**PROBLEM STATEMENT:**
Print out the full material below, exact in every line, with no images included.

[[ DATA SHOWN open ]]

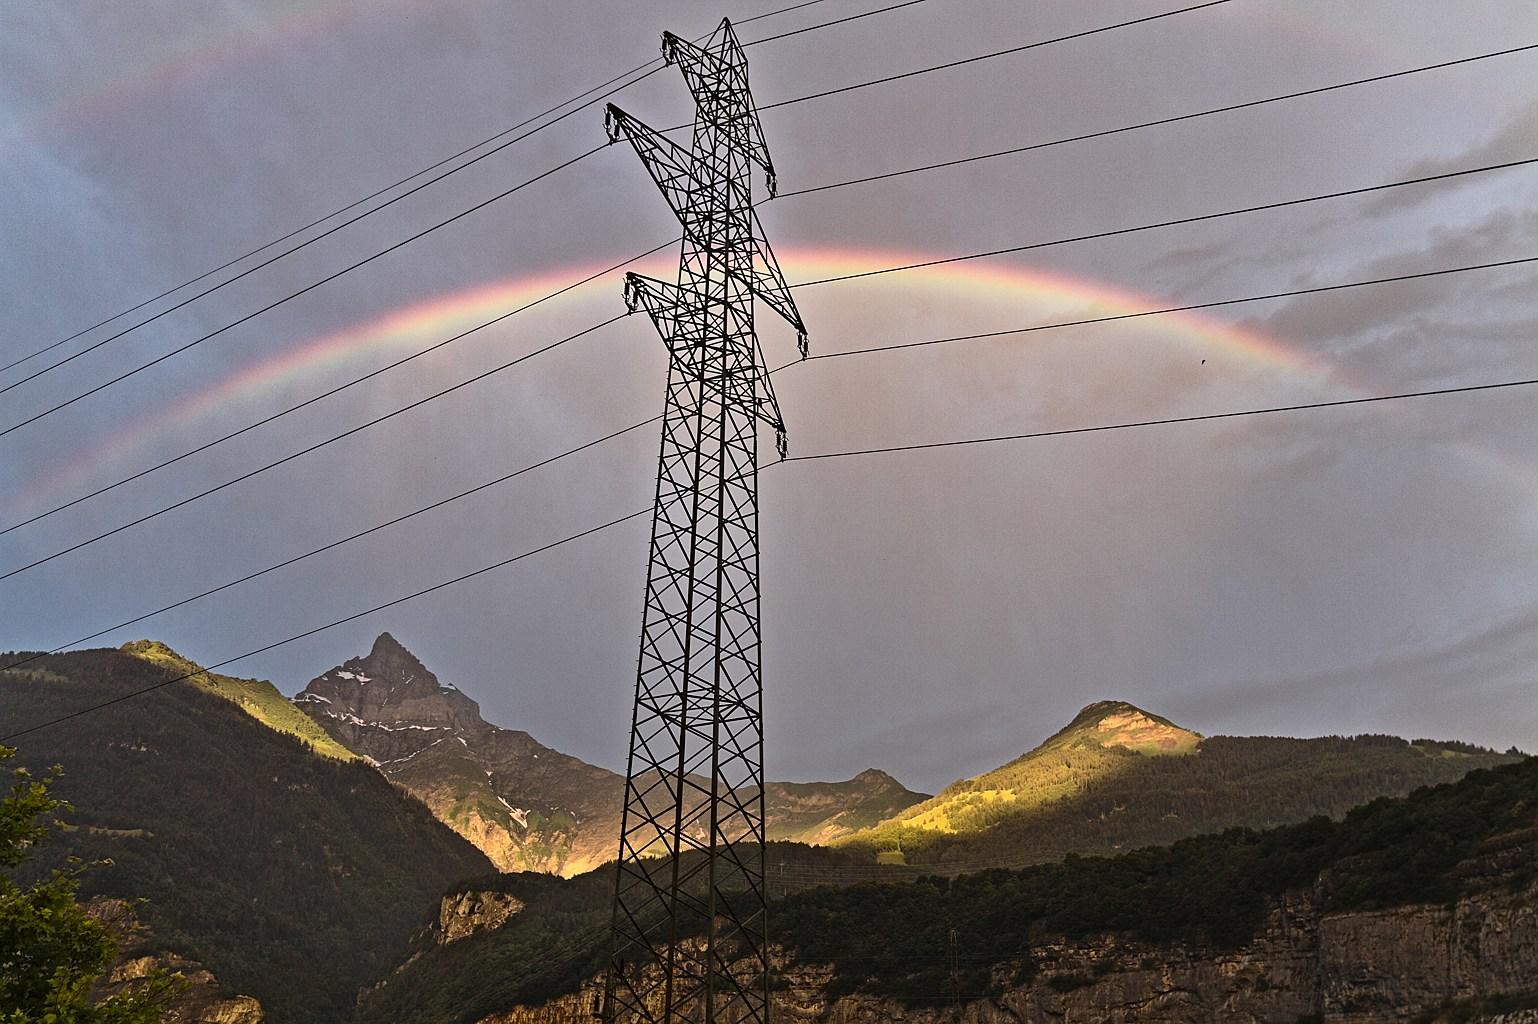 180705_0338 - Dents Du Midi - Rainbow
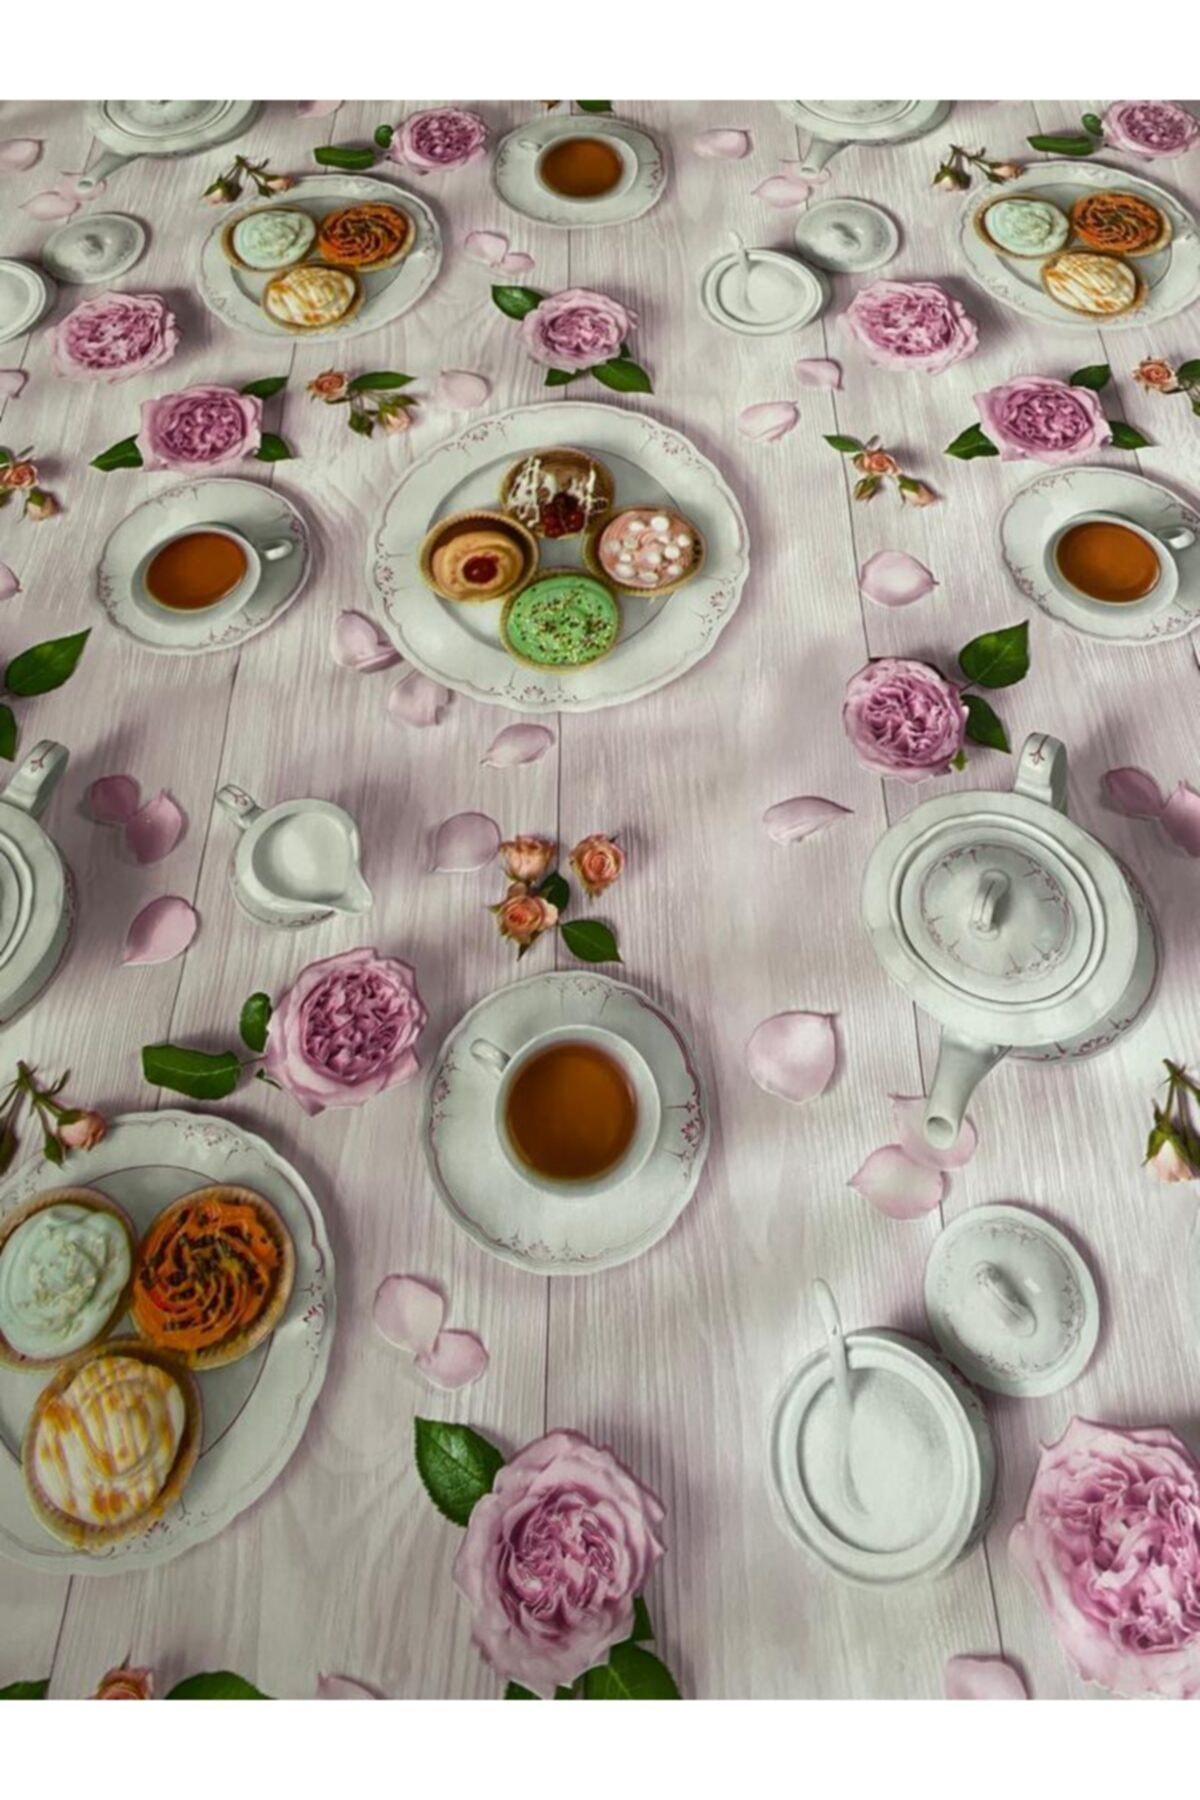 Fiesta Ithal Pvc Masa Örtüsü Muşamba Silinebilir,leke Tutmaz,kaymaz 2
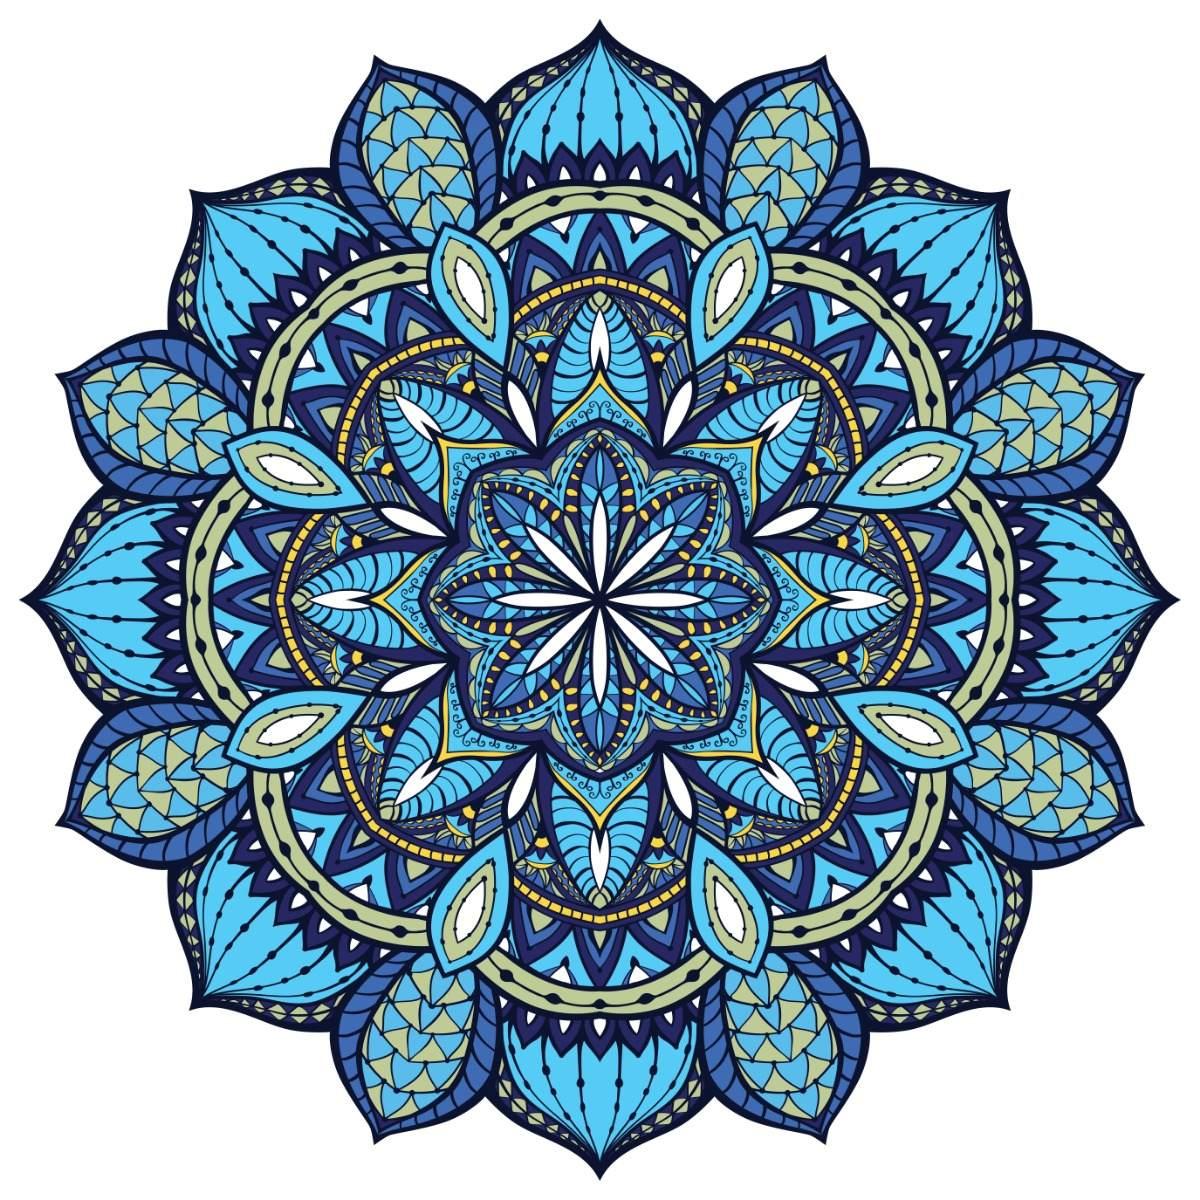 MANDALAS PINTADOS 1 Mandala-azul-y-verde-cuadro-decorativo-en-canvas-D_NQ_NP_702201-MLM28387479348_102018-F
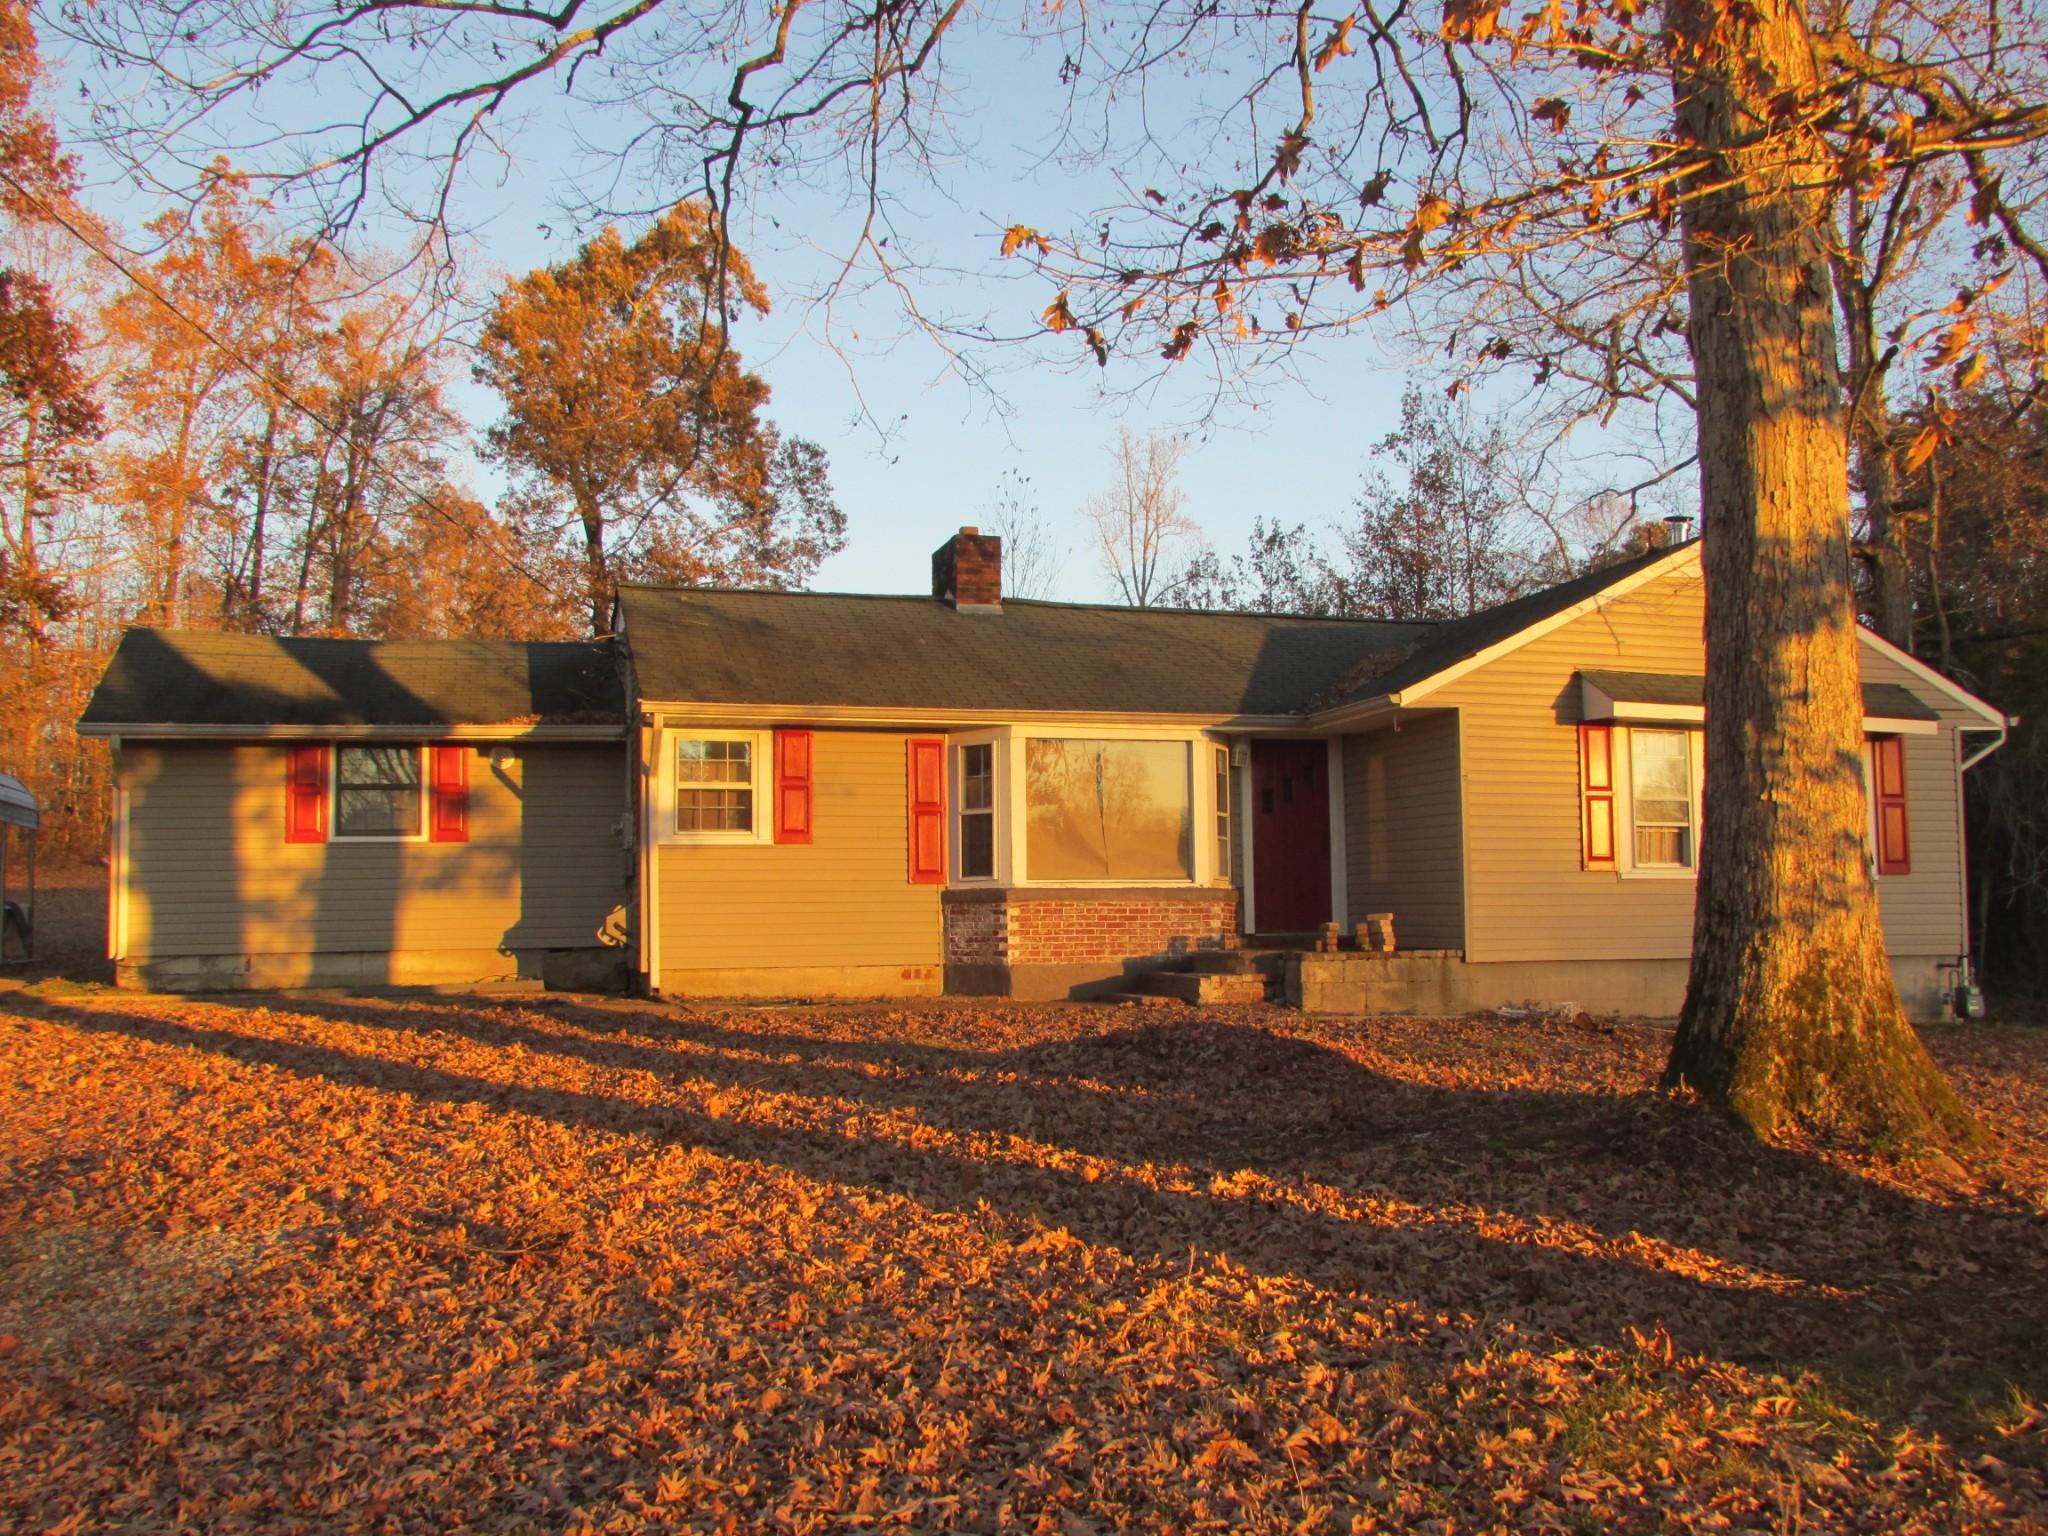 8 Rushing Ln, E, Leoma, TN 38468 - Leoma, TN real estate listing

[[ DATA SHOWN closed ]]

**YOUR RESPONSE:**
 180705_0338 - Dents Du Midi - Rainbow
 Fiesta Ithal Pvc Masa Örtüsü Muşamba Silinebilir,leke Tutmaz,kaymaz 2
 MANDALAS PINTADOS 1 Mandala-azul-y-verde-cuadro-decorativo-en-canvas-D_NQ_NP_702201-MLM28387479348_102018-F
 8 Rushing Ln, E, Leoma, TN 38468 - Leoma, TN real estate listing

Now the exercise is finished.